Lee Elliot Major welcomes moves to create a more evidence led approach to widening access.

In the grand ancient dining hall of St John’s College, Oxford last week, I had the pleasure of talking with a host of teachers – heads of sixth forms, newly qualified trainees, senior leaders, and history, English and psychology specialists. It’s always good to hear candid views from education’s front line: looming funding cuts, recruitment challenges, changing tests and curricula among them.

But our dinner discussion focused on a topic that too often falls down the school priority list: how to ensure high achieving pupils from all backgrounds aspire to the country’s most prestigious universities.  The teachers were attending the Sutton Trust Oxford Teacher Summer School, a two-day residential conference to equip them with the best advice and guidance on selective university admissions.

The programme is just one example of the outreach work that the Trust and others support each year. Our flagship student summer school programme now supports some 2000 teenagers, the vast majority of whom end up going onto highly selective degree courses. What also distinguishes the programme is that it has undergone a thorough evaluation.

Sadly, that’s the exception not the rule. Hundreds of millions are spent annually by universities on outreach programmes aiming to dispel the ‘not for the likes of me’ attitudes that sadly still persist among many talented students from homes with no history of higher education. Yet most of these efforts have been effectively operating in the dark: we simply do not know which approaches have worked best, or for that matter those that have worked at all. Indeed some programmes may well have harmed the prospects of the students that they are intended to help.

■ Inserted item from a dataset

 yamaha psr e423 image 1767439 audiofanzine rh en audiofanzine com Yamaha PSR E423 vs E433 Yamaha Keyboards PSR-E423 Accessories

Earlier this year, the Trust published a summary of the slim evidence we currently have on university outreach programmes from the UK and the US.

At the same time, opening up our most exclusive universities to talented young people from all backgrounds remains an uphill struggle. At the Trust’s joint summit on academies this week we were reminded of the challenge again. New evidence revealed that the original sponsored academies established 15 years ago to turn around failing schools have enabled many more pupils to advance into higher education. But there was no improved enrolment into the most selective universities.

It’s why I’m so excited that we now at last are making the first steps to develop a more evidence led approach in widening participation. Last week the Sutton Trust with the Office for Fair Access announced that we are seeking researchers to deliver a special mission: to develop with universities the methods and measures that will enable us to evaluate outreach programmes properly in the future.

Our work developing our incredibly popular toolkit for schools and the creation of the Education Endowment Foundation has highlighted the many lessons and pitfalls that come with promoting evidence led practice. It is important that this is a genuine partnership between practitioners and academics. It is also critical to commission robust, independent and upfront evaluations.

But the potential benefits are huge. This work we hope will provide the evidence of effectiveness that the widening participation community so desperately needs to ensure that its important work does not fall foul of budget cuts as it has in the past. But most importantly of all it will enable us to improve the outcomes of the talented children we all want to help – a goal universally agreed upon by all the teachers around the dining hall last week.